医療保険はいくら必要?FP2級ライターが教える適正保障額の計算方法

保険

病気やケガに備えて加入する医療保険ですが、「入院給付金の日額はいくら必要なのか分からない」という方は多いのではないでしょうか。

生命保険も取り扱う大手損害保険会社に8年間勤務する中で、「なんとなく加入している」医療保険のケースを多く見てきました。保障が手厚すぎて保険料を払いすぎている方もいれば、いざ入院した際に保障が不足してしまうケースも少なくありません。

結論として、医療保険の入院給付金の目安は以下の通りです。

・会社員:日額3,000〜5,000円

・貯蓄が少ない会社員:日額5,000〜7,000円

・自営業・フリーランス:日額7,000〜10,000円

ただし、これらはあくまで目安であり、「貯蓄額」「収入の安定性」「家族構成」によって適正保障額は異なります。

本記事では、保険会社での実務経験とFP2級の知識をもとに、医療保険の必要性とあわせて、自分に合った保障額の具体的な計算方法をわかりやすく解説します。

そもそも医療保険が必要な理由

まず前提として、日本には「公的医療保険」という手厚い制度があります。会社員であれば健康保険、自営業であれば国民健康保険に加入しており、医療費の自己負担は原則3割です。
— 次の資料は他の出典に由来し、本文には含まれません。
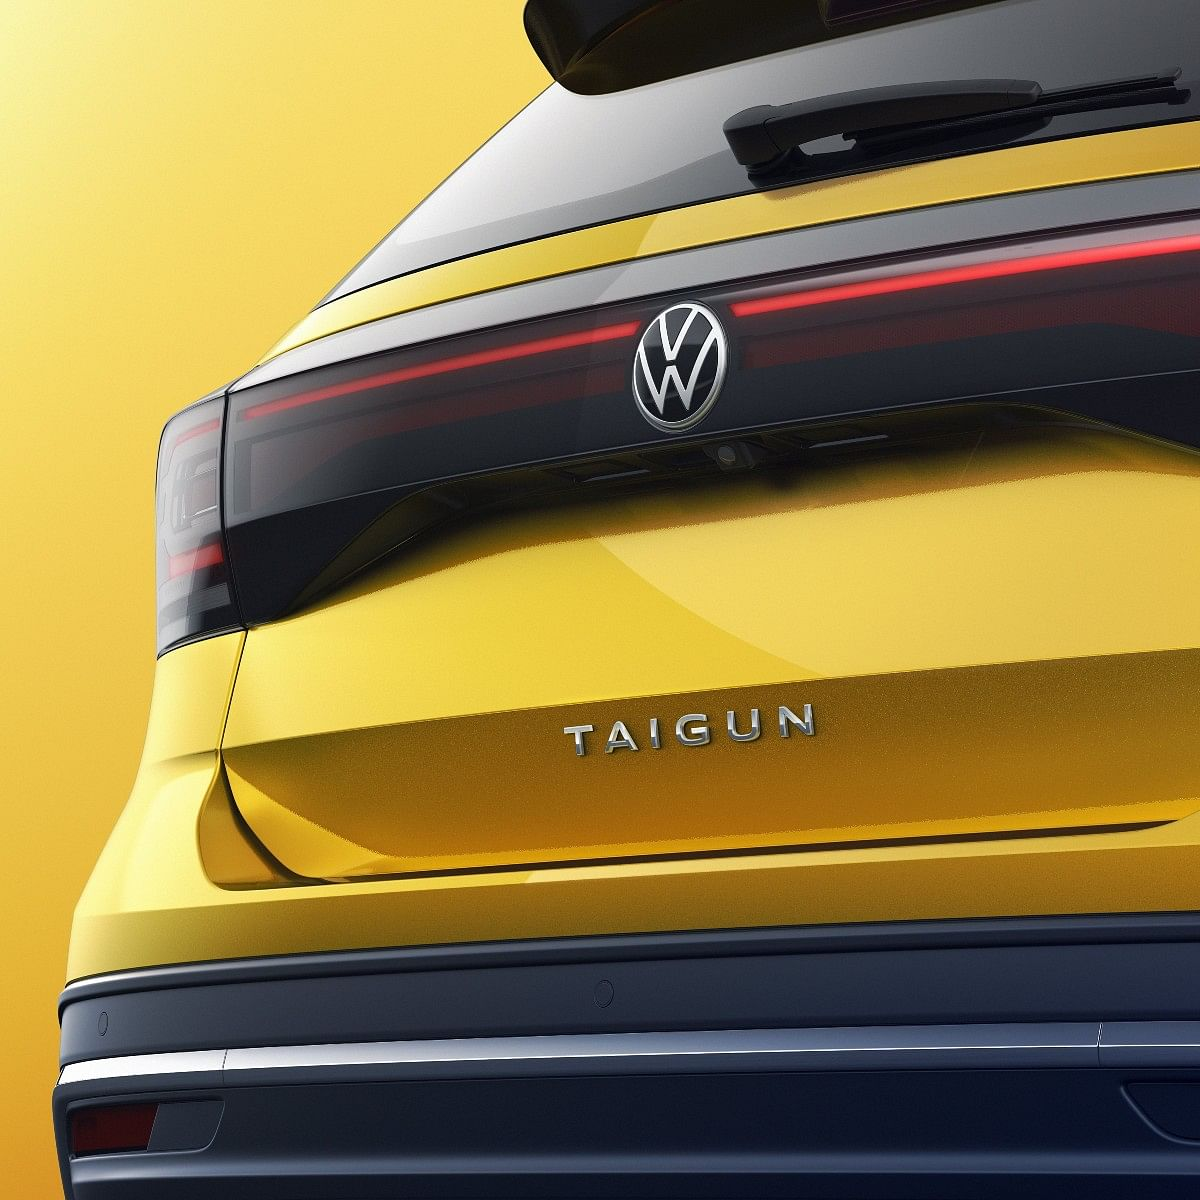 The Volkswagen Taigun gets a distinct full-length LED light bar at the rear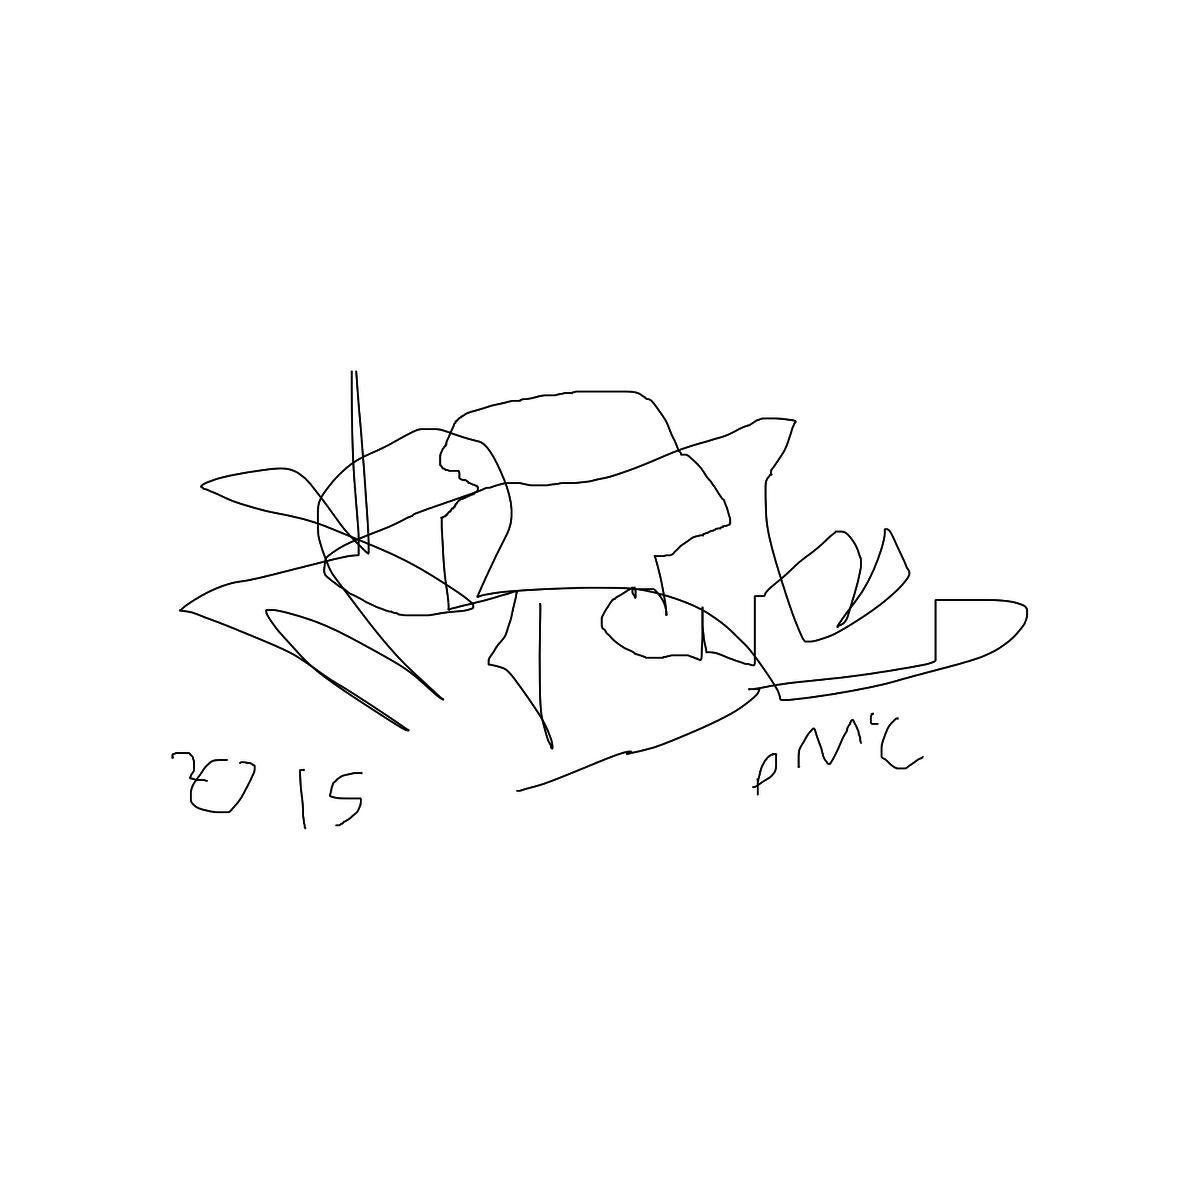 BAAAM drawing#6909 lat:54.2573051452636700lng: -6.8606348037719730

しかし、公的医療保険でカバーされない費用が存在します。代表的なものが以下の3つです。

差額ベッド代

大部屋ではなく個室や少人数部屋(差額ベッド)を希望した場合、1日あたり数千円〜数万円の追加費用がかかります。

厚生労働省の調査によると、差額ベッド代の平均は1日あたり約6,800円です。(中央社会保険医療協議会「主な選定療養に係る報告状況」)

先進医療にかかる費用

がんの陽子線治療や重粒子線治療など、先進医療として認定された治療は、技術料が全額自己負担になります。治療によっては数十万〜300万円以上かかるケースもあります。

入院中の生活費・収入減少

入院中は働けないため、収入が減少します。

特に自営業やフリーランスの方は、入院期間中の収入がそのままゼロになることも。会社員でも有給休暇が尽きれば給与が下がります。

こうした「公的保険でカバーしきれない部分」を補うのが、民間の医療保険の役割です。

医療保険の適正保障額の考え方

医療保険の基本的な保障は「入院給付金(日額)」です。入院1日あたりいくら受け取れるか、という設計になっています。日額3,000円・5,000円・10,000円といったプランが一般的です。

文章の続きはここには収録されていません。